C. Self-Regulatory Organization's Statement on Comments on the Proposed Rule Change Received from Members, Participants, or Others
No written comments were solicited or received with respect to the proposed rule change.
III. Date of Effectiveness of the Proposed Rule Change and Timing for Commission Action
The Exchange has filed the proposed rule change pursuant to Section 19(b)(3)(A)(iii) of the Act 
and Rule 19b-4(f)(6) thereunder.
Because the proposed rule change does not: (i) Significantly affect the protection of investors or the public interest; (ii) impose any significant burden on competition; and (iii) become operative prior to 30 days from the date on which it was filed, or such shorter time as the Commission may designate, if consistent with the protection of investors and the public interest, the proposed rule change has become effective pursuant to Section 19(b)(3)(A) of the Act and Rule 19bd-4(f)(6)(iii) thereunder.
At any time within 60 days of the filing of such proposed rule change, the Commission summarily may temporarily suspend such rule change if it appears to the Commission that such action is necessary or appropriate in the public interest, for the protection of investors, or otherwise in furtherance of the purposes of the Act. If the Commission takes such action, the Commission shall institute proceedings under Section 19(b)(2)(B) 
of the Act to determine whether the proposed rule change should be approved or disapproved.
IV. Solicitation of Comments
Interested persons are invited to submit written data, views, and arguments concerning the foregoing, including whether the proposed rule change is consistent with the Act. Comments may be submitted by any of the following methods:
- Send paper comments in triplicate to Brent J. Fields, Secretary, Securities and Exchange Commission, 100 F Street NE, Washington, DC 20549-1090.
All submissions should refer to File Number SR-NYSEARCA-2018-97. This file number should be included on the subject line if email is used. To help the Commission process and review your comments more efficiently, please use only one method. The Commission will post all comments on the Commission's internet website (http://www.sec.gov/rules/sro.shtml). Copies of the submission, all subsequent amendments, all written statements with respect to the proposed rule change that are filed with the Commission, and all written communications relating to the proposed rule change between the Commission and any person, other than those that may be withheld from the public in accordance with the provisions of 5 U.S.C. 552, will be available for website viewing and printing in the Commission's Public Reference Room, 100 F Street NE, Washington, DC 20549 on official business days between the hours of 10:00 a.m. and 3:00 p.m.

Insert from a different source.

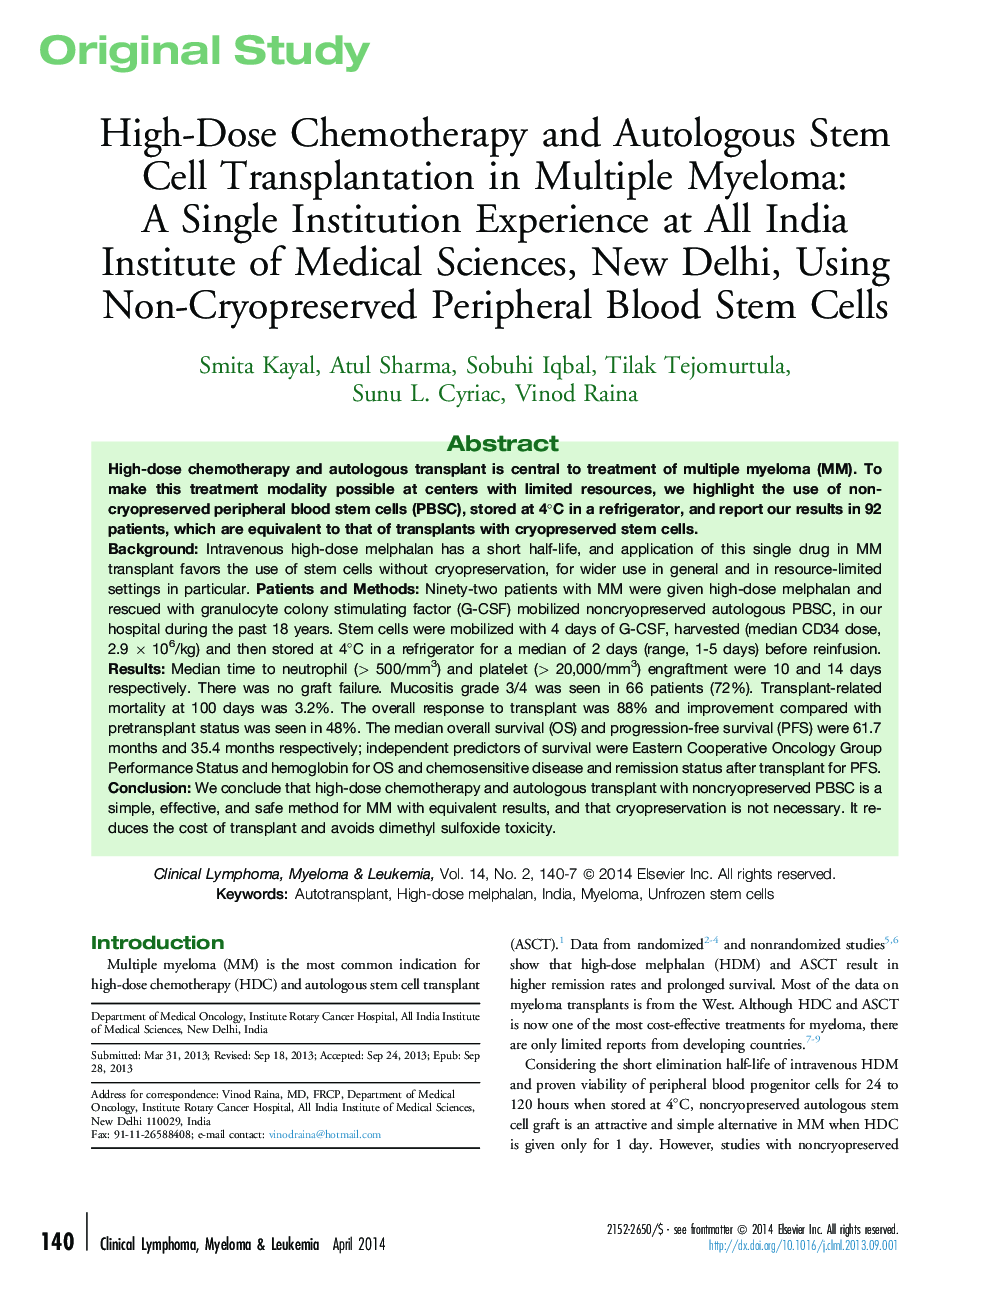 شیمیدرمانی با دوز بالا و پیوند سلول های بنیادی اتولوگ در مبتلایان به چندزبعی: یک تجربه واحد در موسسه علوم پزشکی هند، دهلی نو، با استفاده از سلول های بنیادی خون محیطی غیرقابل نگهداری

Copies of the filing also will be available for inspection and copying at the principal office of the Exchange. All comments received will be posted without change. Persons submitting comments are cautioned that we do not redact or edit personal identifying information from comment submissions. You should submit only information that you wish to make available publicly. All submissions should refer to File Number SR-NYSEARCA-2018-97 and should be submitted on or before January 17, 2019.
For the Commission, by the Division of Trading and Markets, pursuant to delegated authority.